The first member 51 and the second member 52 are fixed by the fastening member 43 in a state in which a disc spring 53 is interposed on the front face side or the back face side of the face material 31. Accordingly, in order to damp vibration acting on the building, the first member 51 and the second member 52 are slid in a different materials contact state, and the vibration control wall body 3 is displaced in the in-plane direction.
Here, “the different materials contact state” means a different metals contact state where an iron material or a steel material is in contact with aluminum, a different metals contact state where the iron material or the steel material is in contact with brass, a different metals contact state where the iron material or the steel material is in contact with stainless, a different materials contact state where the iron material or the steel material is in contact with a resin containing metal powders, a different materials contact state where the iron material or the steel material is in contact with a resin without containing metal powders, or the like.
In the vibration control damper 5, a long hole 54 where the width direction of the vibration control wall body 3 becomes a longitudinal direction is formed at the second member 52, and the fastening member 43 is inserted through this long hole 54. In the first embodiment, when the first member 51 and the second member 52 relatively slide in the long hole 54 in the width direction of the vibration control wall body 3, the vibration control damper 5 can absorb the vibration acting on the building by friction damping.
As illustrated in FIGS. 6(a) and 6(b), in the second embodiment, the vibration control damper 5 includes a first member 51 mounted to any one or both of the front face portion 31 d and the back face portion 31 e of the face material 31 of the vibration control wall body 3 and a second member 52 provided by abutting on the first member 51 in a state in which the first member 51 is sandwiched.
An aluminum plate, a stainless plate, a brass plate, a resin plate, or the like is used for the first member 51. The first member 51 is mounted to any one or both of the front face portion 31 d and the back face portion 31 e of the face material 31 of the vibration control wall body 3 with the elastic adhesive material 34 or the like in which the spacer 35 is interposed.
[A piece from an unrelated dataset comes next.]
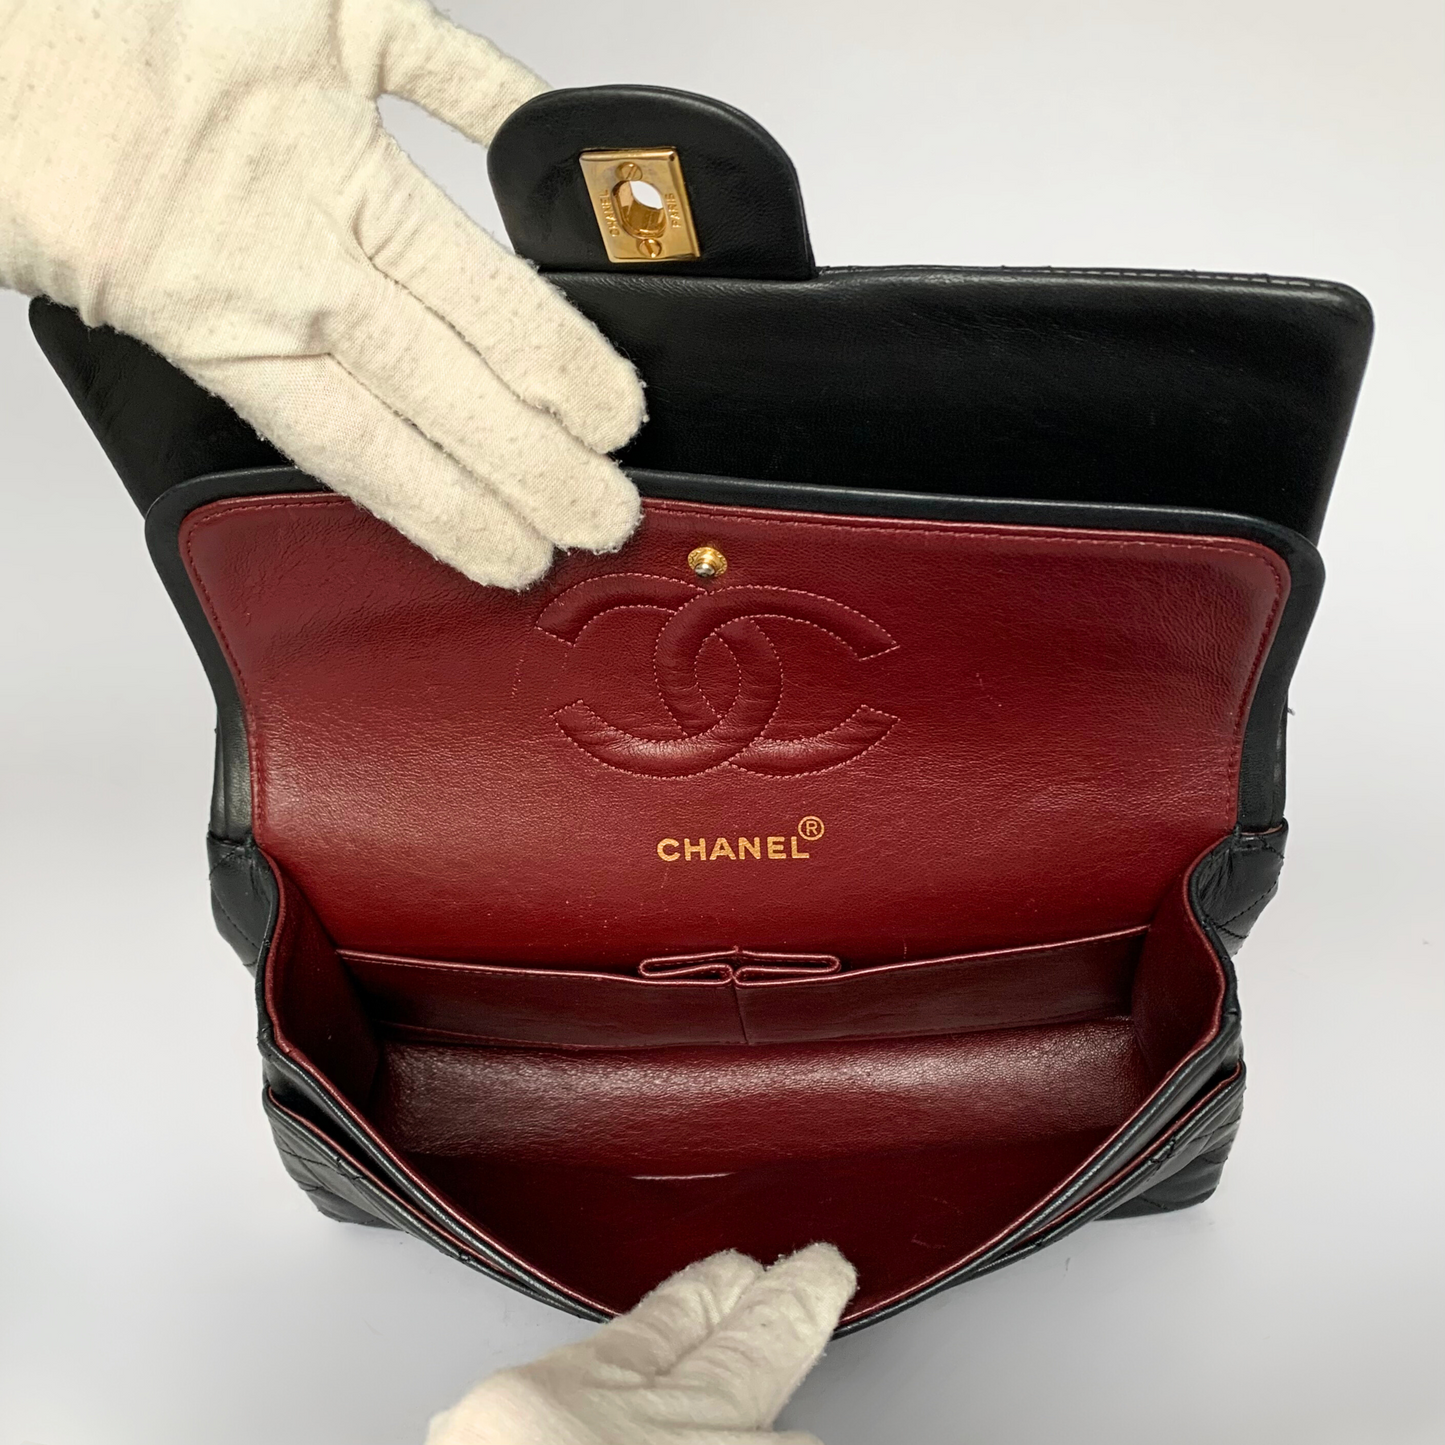 Chanel Chanel Klassisk dubbel Flap Bag Medium lammskinnsläder - Handväska - Etoile Luxury Vintage
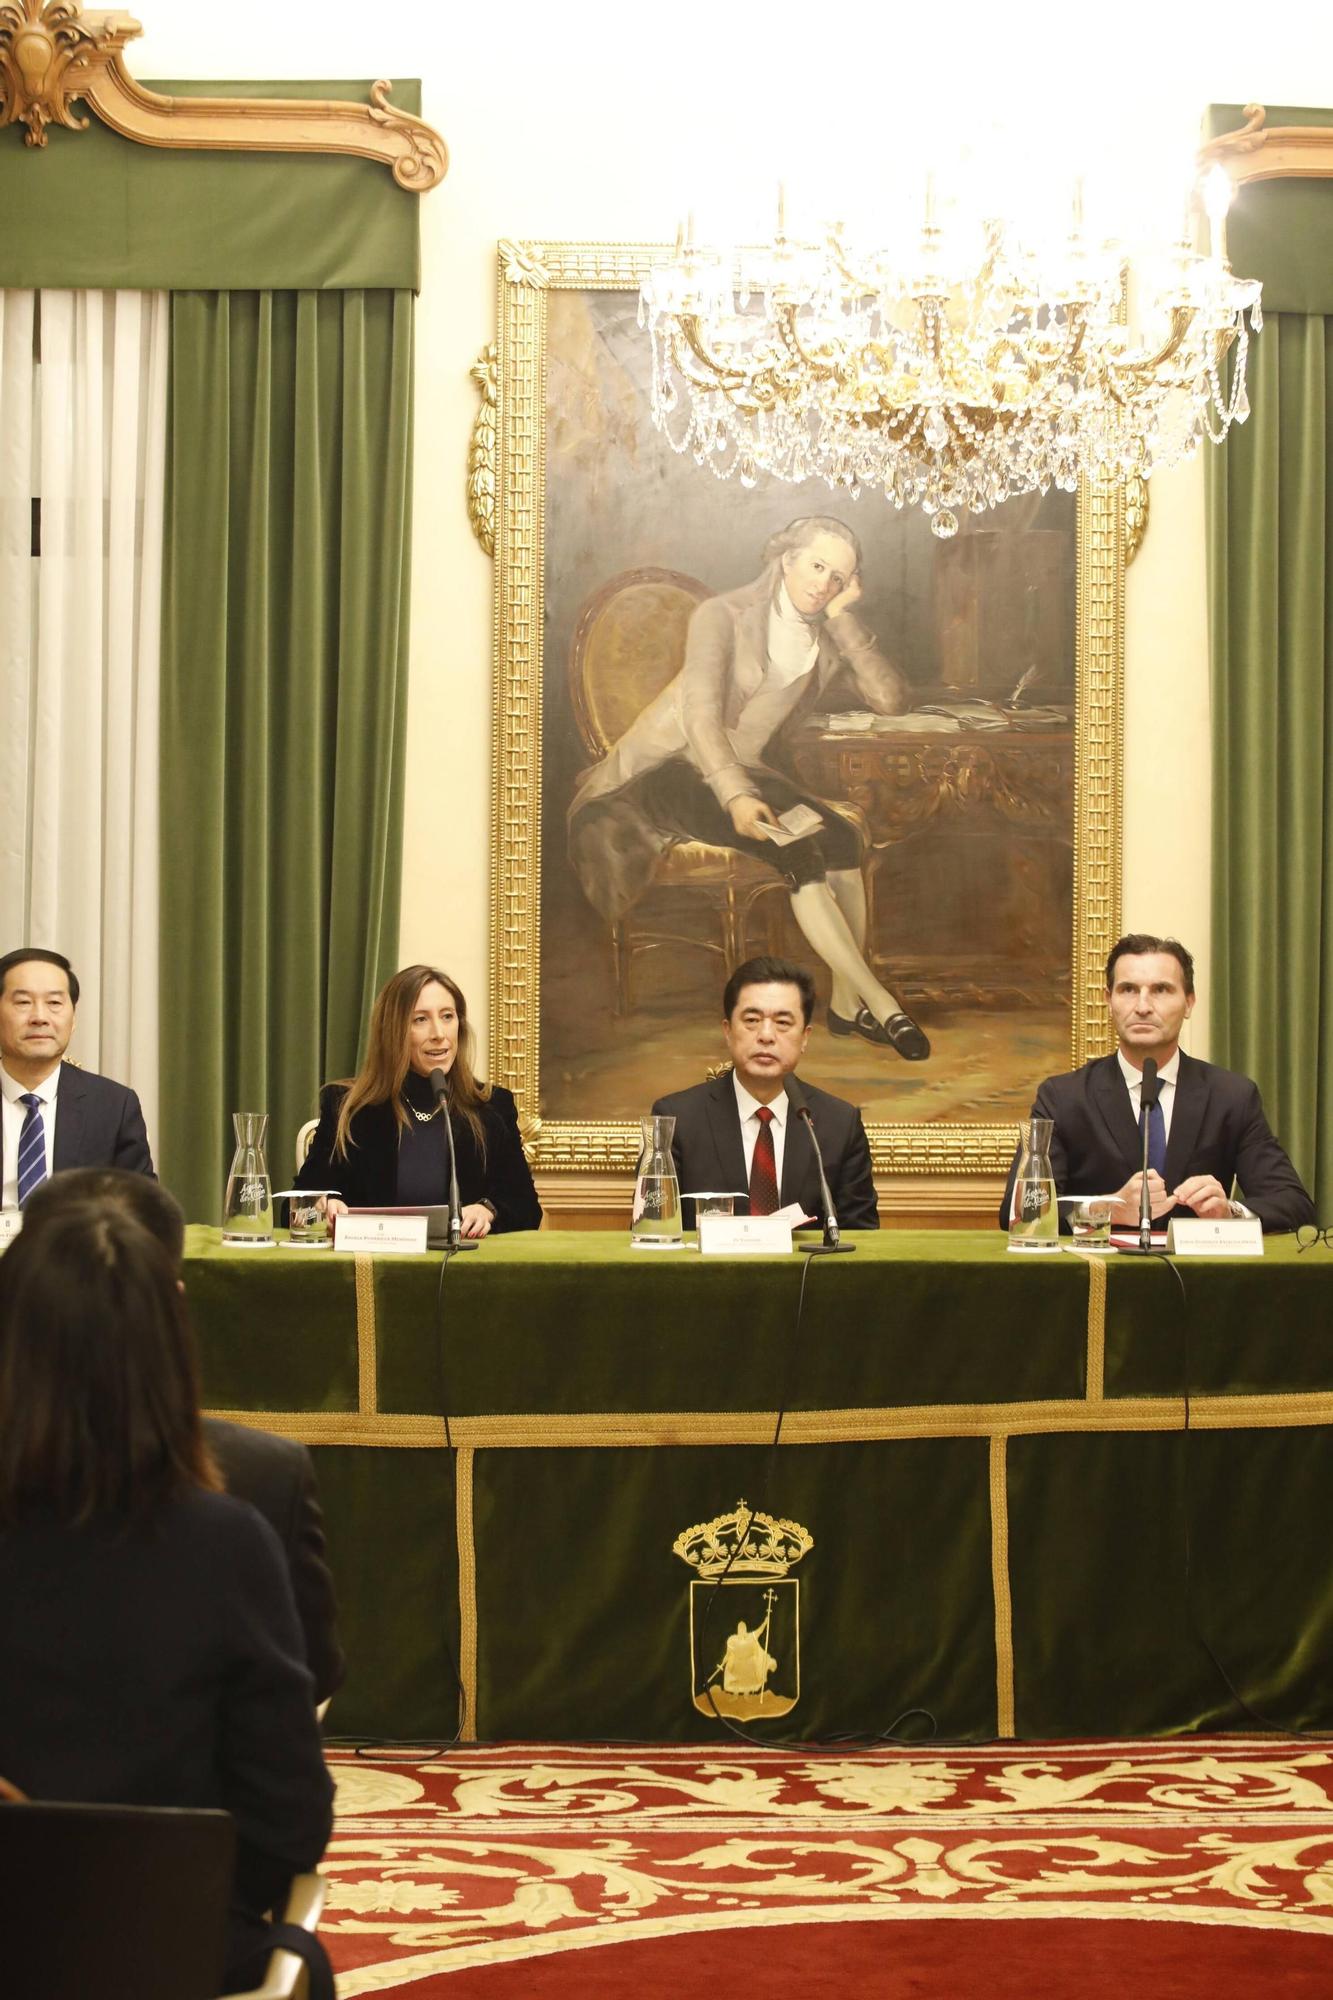 Así fue la recepción institucional a la delegación china de Yantai en Gijón (en imágenes)

An iron plate, a steel plate, the metal band plate 33, or the like is used for the second member 52. An upper end or a lower end of the second member 52 is fixed to the upper beam material 22 or the lower beam material 22.
The first member 51 and the second member 52 are fixed by the fastening member 43 in a state in which a disc spring 53 is interposed on the front face side or the back face side of the face material 31. Accordingly, in order to damp vibration acting on the building, the first member 51 and the second member 52 are slid in a different materials contact state, and the vibration control wall body 3 is displaced in an in-plane direction.
In the vibration control damper 5, a long hole 54 where the width direction of the vibration control wall body 3 becomes a longitudinal direction is formed at the second member 52, and the fastening member 43 is inserted through the long hole 54 in a state in which the buffer ring 42 is mounted to an inside of the long hole 54. In the second embodiment as well, when the first member 51 and the second member 52 relatively slide in the long hole 54 in the width direction of the vibration control wall body 3, the vibration control damper 5 can absorb the vibration acting on the building by friction damping.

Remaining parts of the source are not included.